▸ ABOUT THIS TASK
Keep the images out while you retype all of the data exactly.

▸ DATA BLOCK
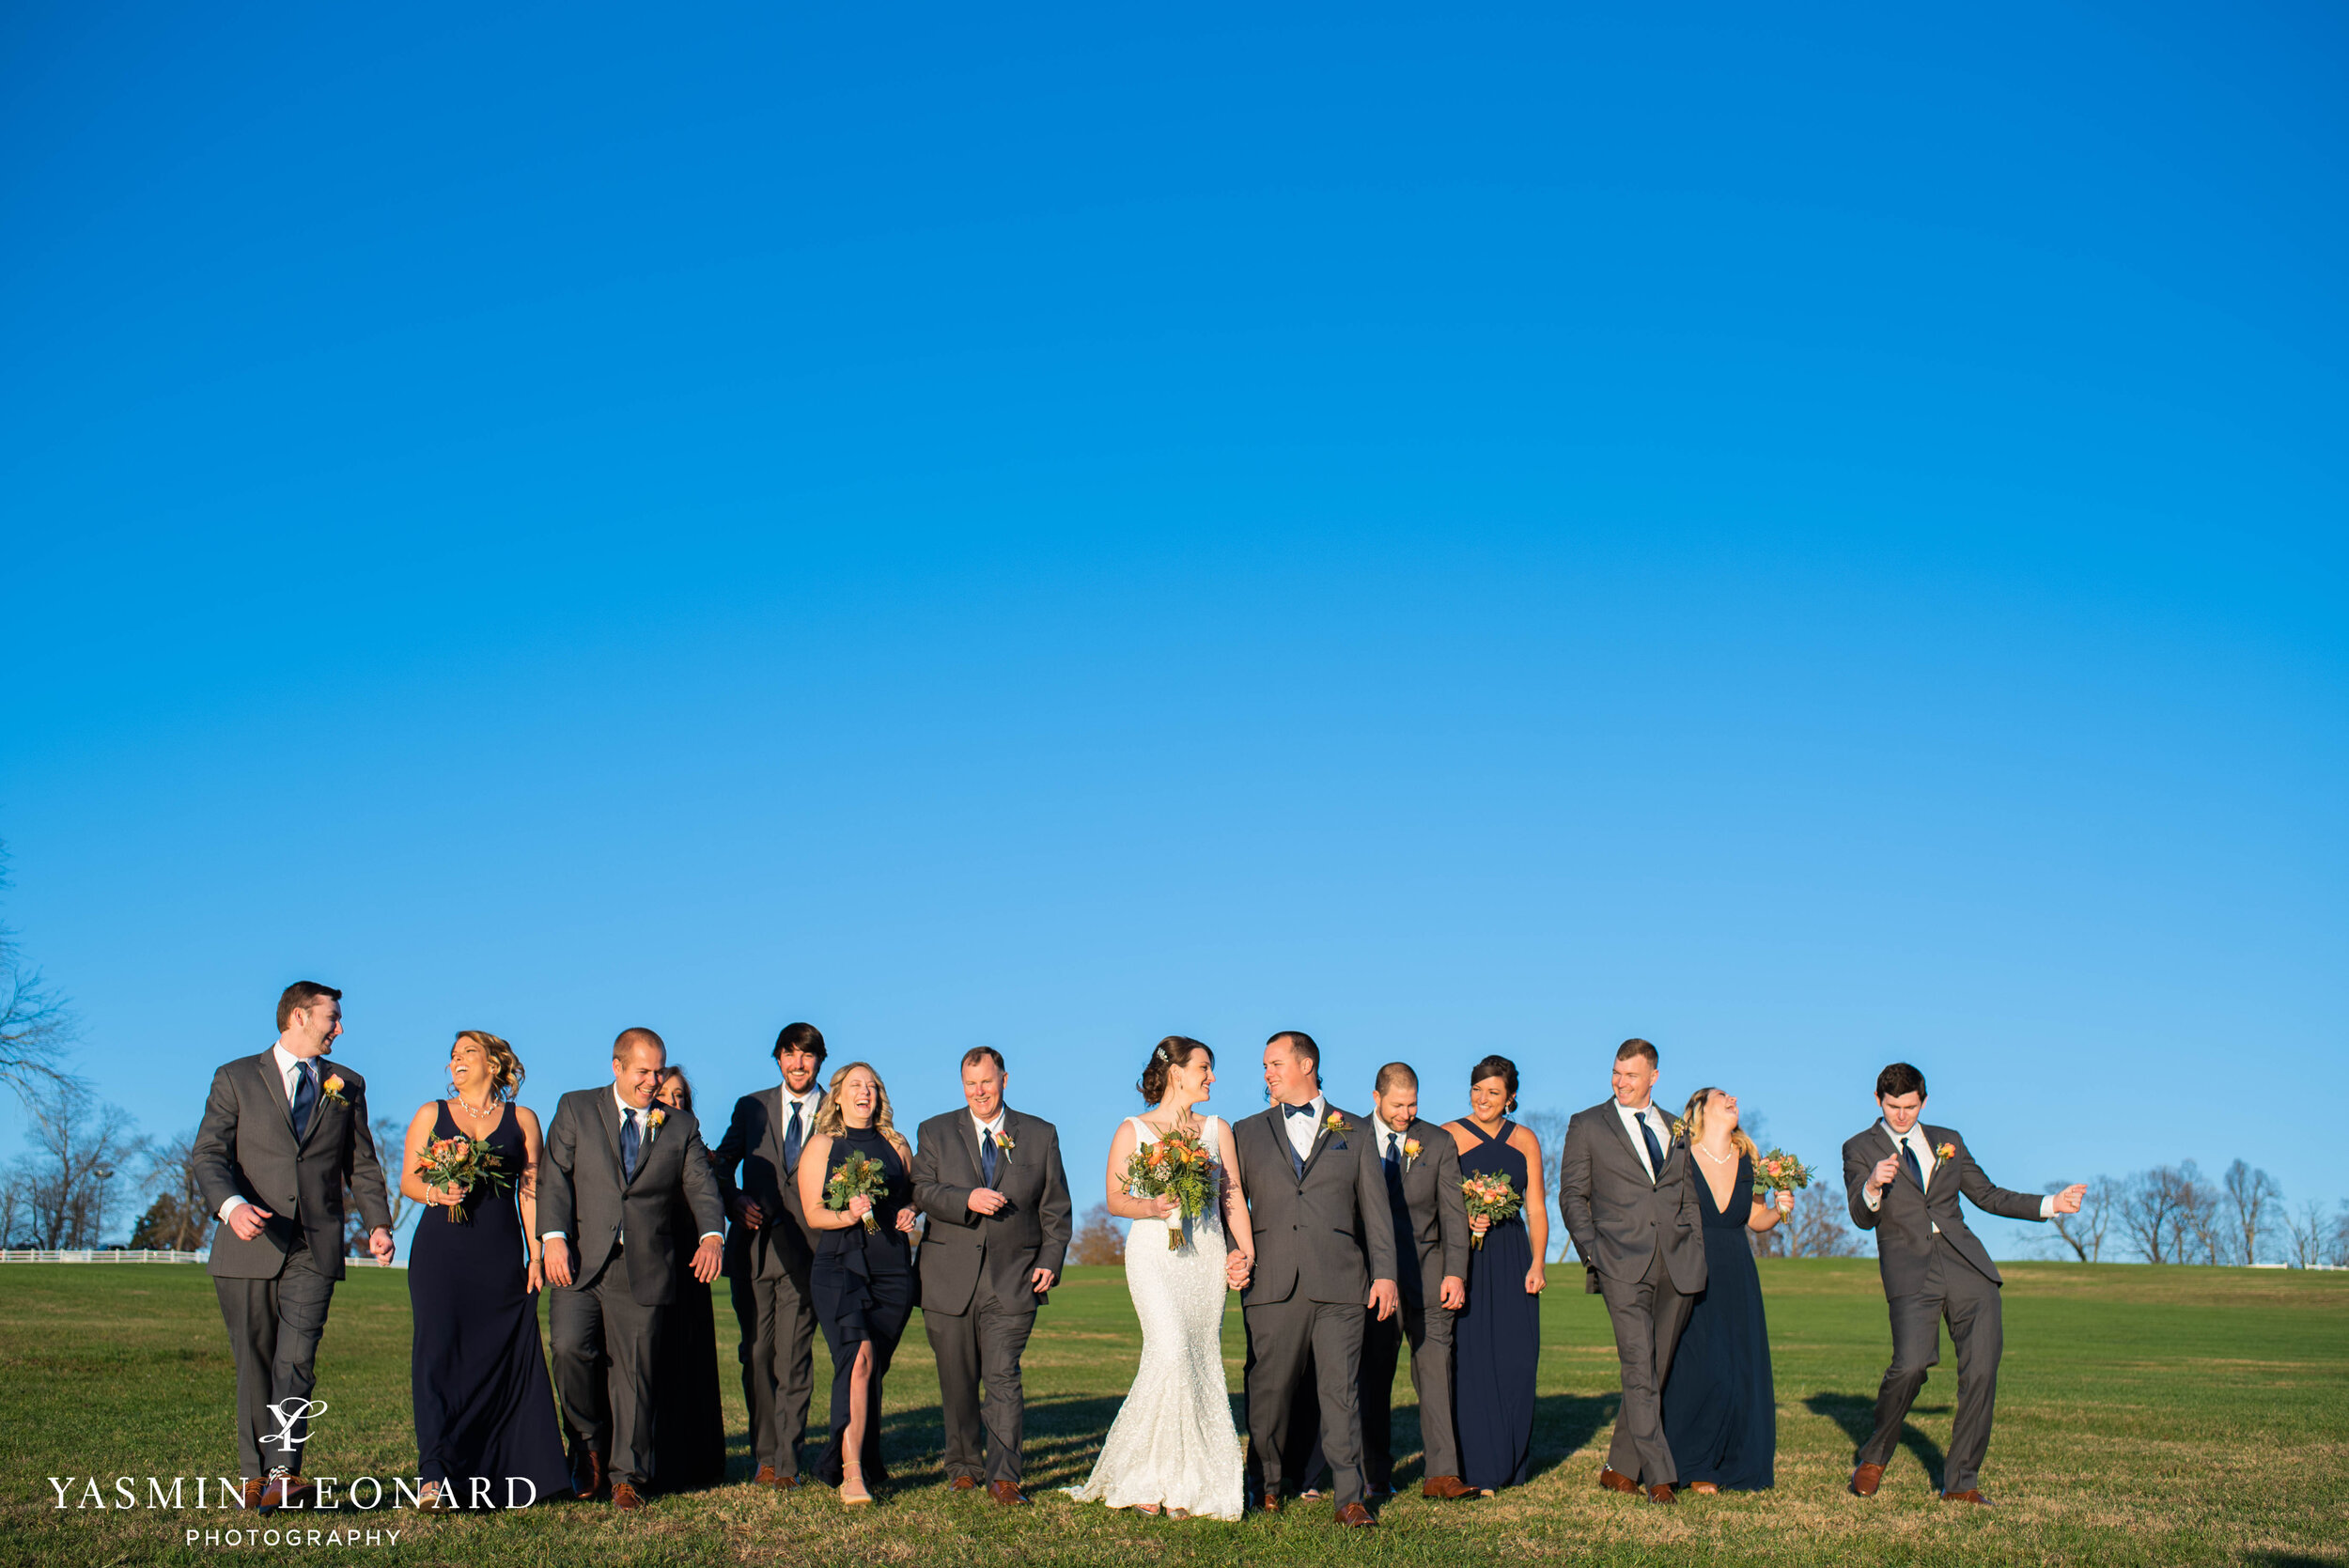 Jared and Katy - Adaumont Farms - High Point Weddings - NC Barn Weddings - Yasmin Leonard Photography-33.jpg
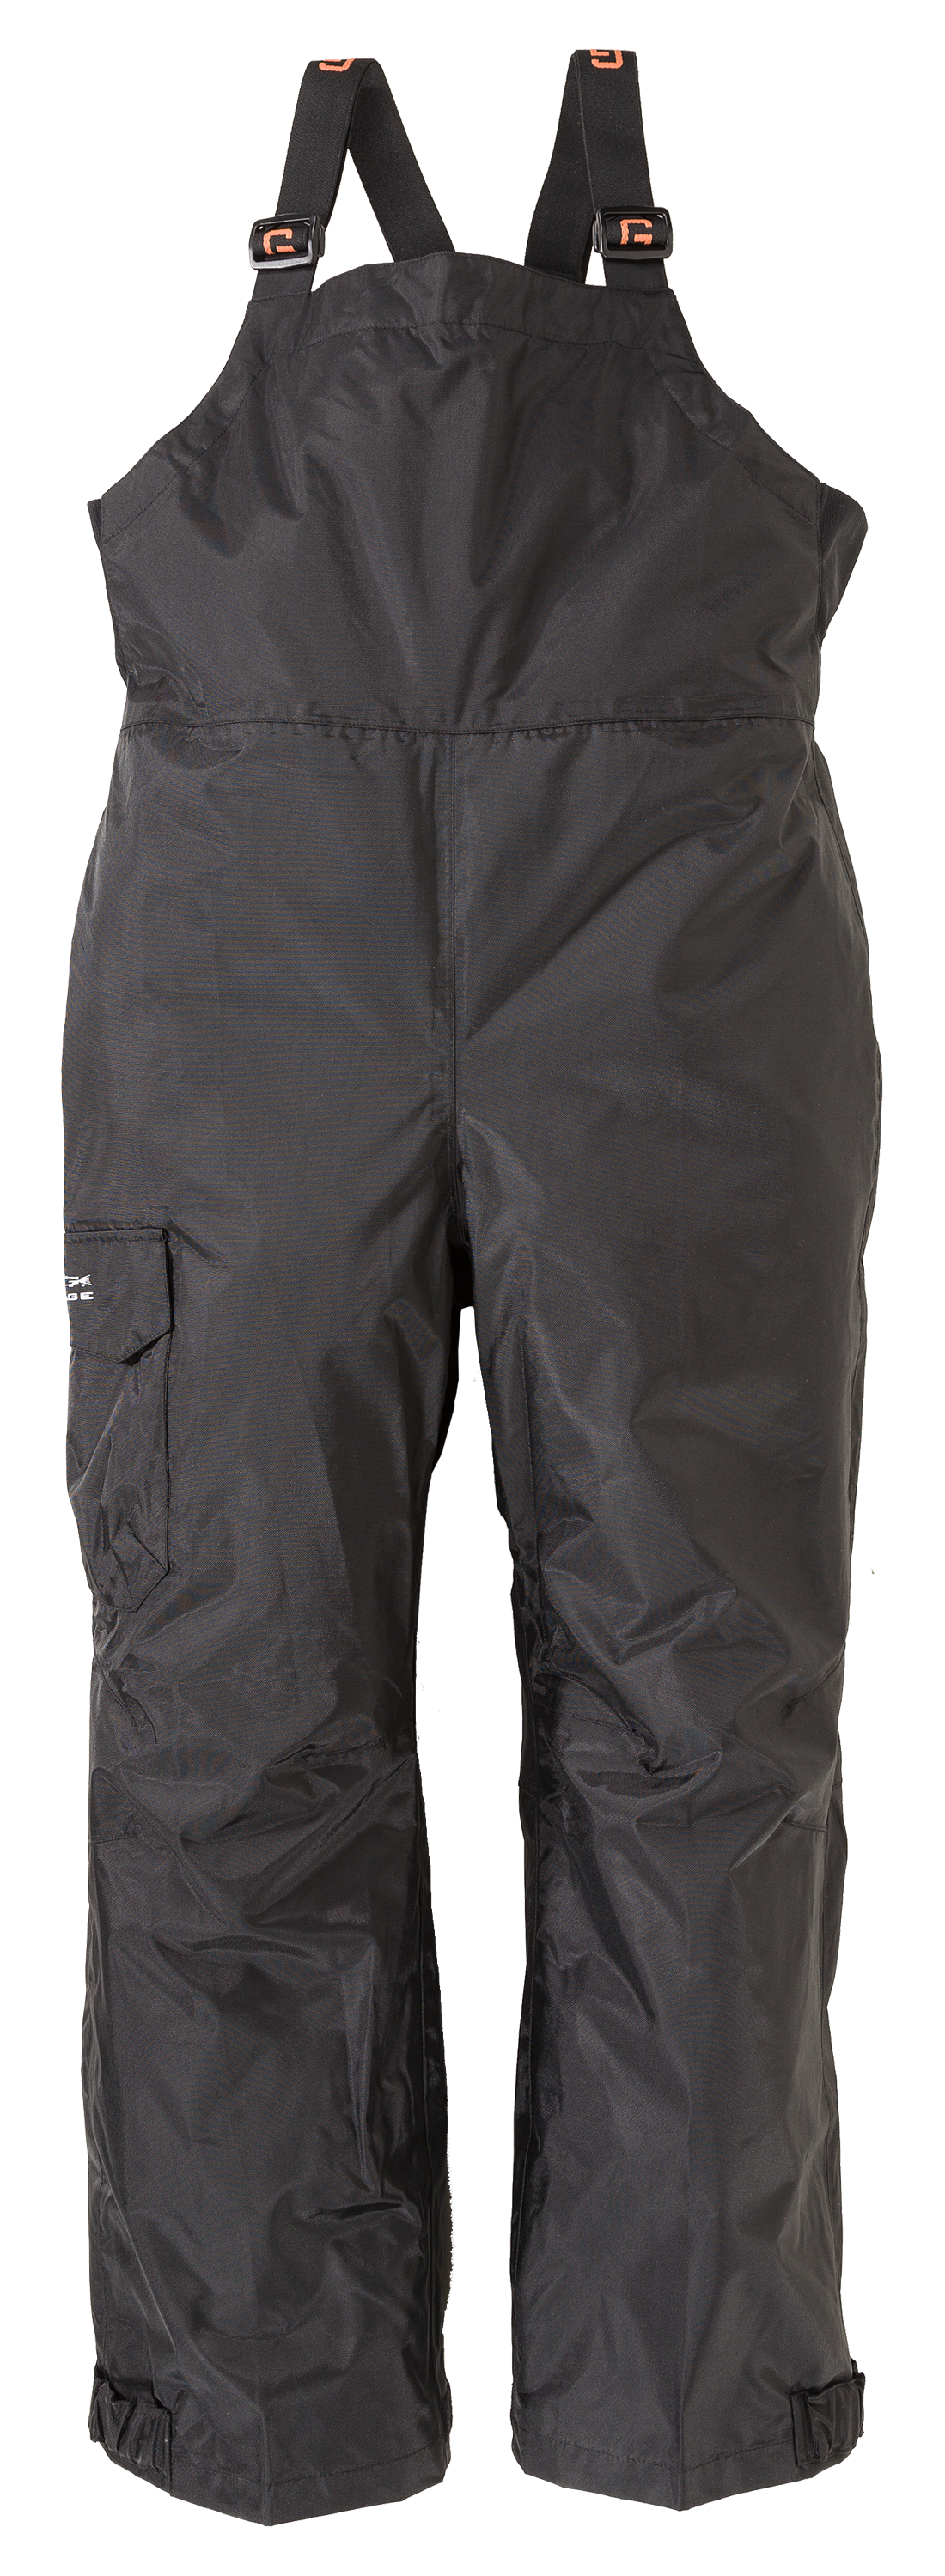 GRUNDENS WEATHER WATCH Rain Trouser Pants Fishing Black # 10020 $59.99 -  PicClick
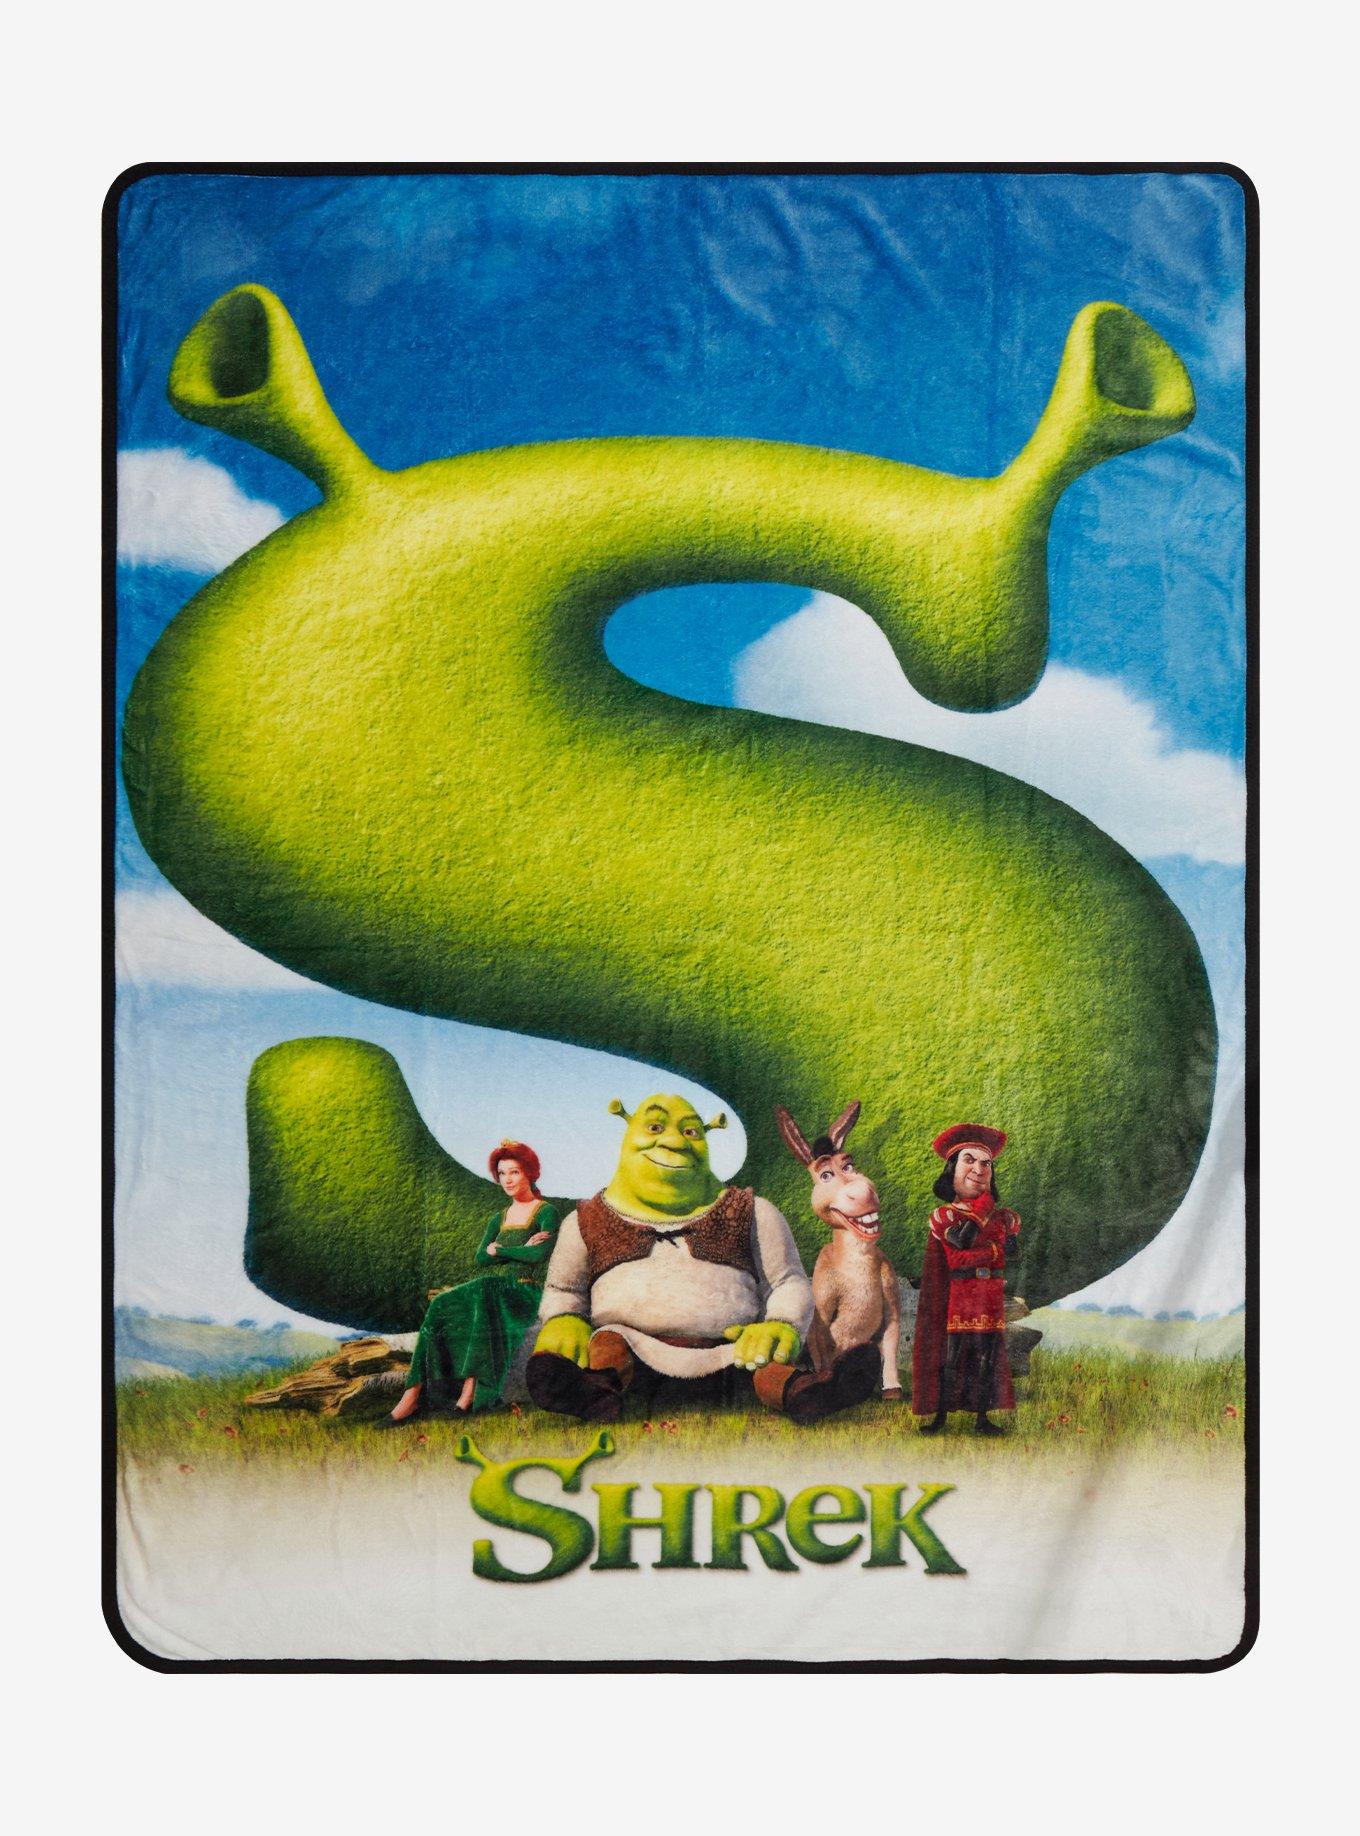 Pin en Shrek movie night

▸ OUTPUT BELOW
 Jared and Katy - Adaumont Farms - High Point Weddings - NC Barn Weddings - Yasmin Leonard Photography-33.jpg
 GRUNDENS WEATHER WATCH Rain Trouser Pants Fishing Black # 10020 $59.99 -  PicClick
 Pin en Shrek movie night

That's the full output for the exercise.